Happy Thanksgiving! It’s this Thursday here in the US. I hope it finds you safe and peaceful.
Please check out the first chapters of Runnable Specifications. Someone just last week told me they didn’t realize you could already start reading it! He did and said it was just the book he was looking for. Oh, man. I rushed back home and started writing more. I need more feedback like that.
And if you want to read a completed book, Grokking Simplicity is just sitting there, waiting to be opened by you. If you already read it, tell the world you liked it by writing an Amazon review. It’s the best way to help me!
The end of algorithms
Algorithms don’t scale.

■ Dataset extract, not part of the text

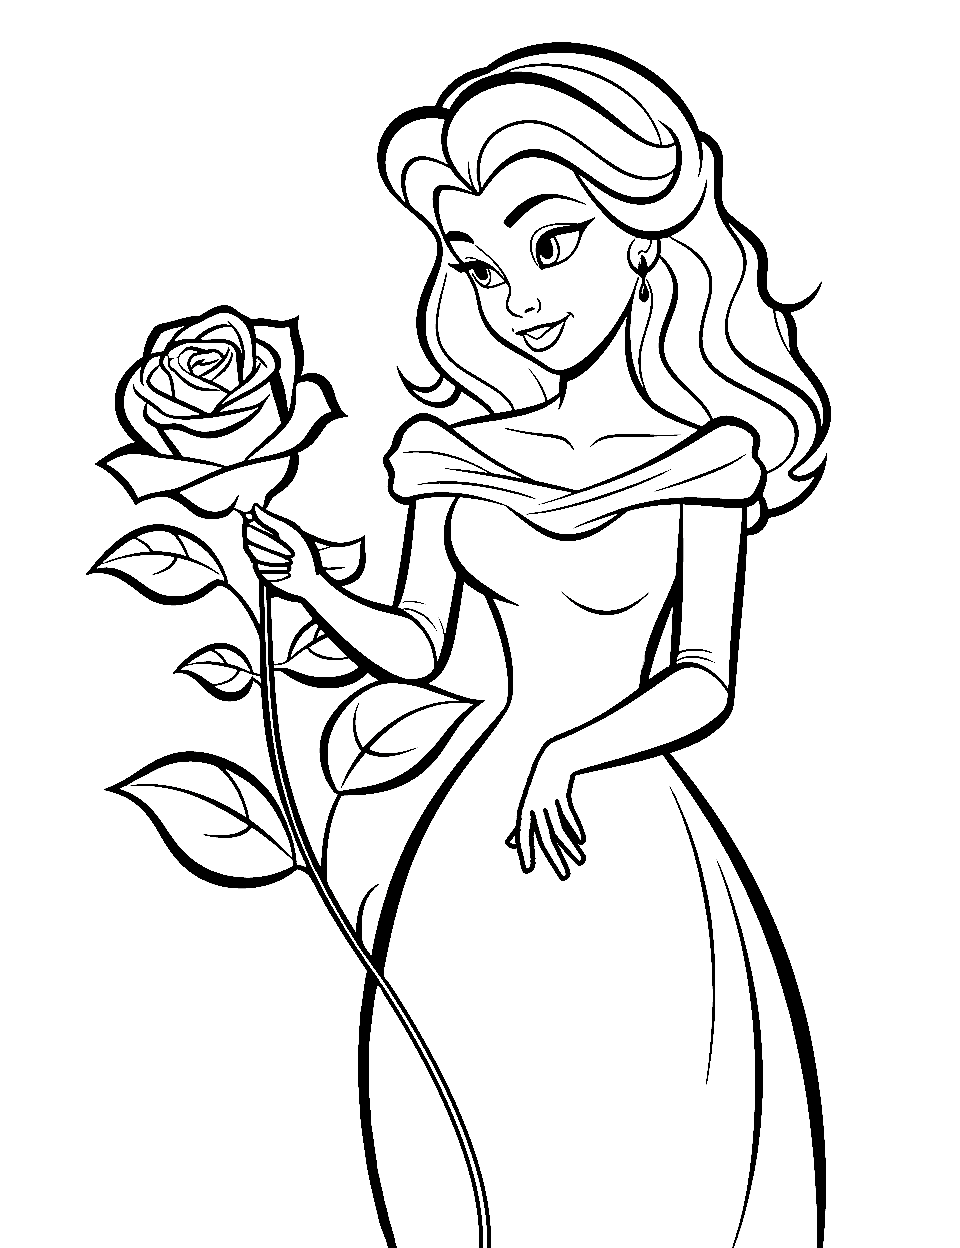 Disney Princess with a Rose Coloring Page - A Disney princess tending her big magical blooming rose.

Here’s a story to illustrate:
On Friday, I decided to spend some time accessing the ChatGPT API. I had a few tasks that I thought it would be good at, so I dove into it.
I had about 1k records that I wanted ChatGPT to process. I tried the stupidest thing that could possibly work, which was to submit them all at once, but that didn’t work well. So I developed an algorithm to process them one at a time, with some accumulating state that gets added to the prompt each time. My tests on the first 10 records showed signs of success, so I unleashed it on the whole 1k data set.

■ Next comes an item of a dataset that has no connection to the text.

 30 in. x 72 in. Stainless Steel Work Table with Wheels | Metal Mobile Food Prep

My algorithm stopped working. The logic of it was still sound, but now some other issues started popping up:
I was being rate limited. About 10% through, I was getting errors, which I was not handling.
There were transient failures occasionally.
When something did fail, I was throwing away all of the work.
Plus, I could track progress because now it was measured in minutes instead of seconds.
My simple accumulating loop, which treated the API like a function call, could not scale to 1k rows. And this is not the first time this has happened to me. My usual conclusion is “distributed systems introduce lots of complexity.” But today, I want to explore a different conclusion, “Algorithms don’t scale.”
One person that often talks about the problems with data structures and algorithms is Alan Kay:
The algorithms are kind of gear like, and the idea that you can smash values and data structures and get away with it implies that you're thinking small.
Part of the epiphany of Smalltalk for him was a related idea:
For the first time I thought of the whole as the entire computer and wondered why anyone would want to divide it up into weaker things called data structures and procedures.
And on how poorly algorithms scale:
Systems were starting to become much more interesting than algorithms…but trying to scale up algorithms you get a hundred million line operating systems like Windows XP.
Alan Kay has been and continues to be one of my biggest inspirations. I still learn stuff even from rewatching lectures I’ve seen a dozen times. I don’t know if it’s because his ideas are so far from my thinking that it takes me that many times to get it, or that he’s not that great at explaining things. Either way, he’s brilliant and I’m still learning.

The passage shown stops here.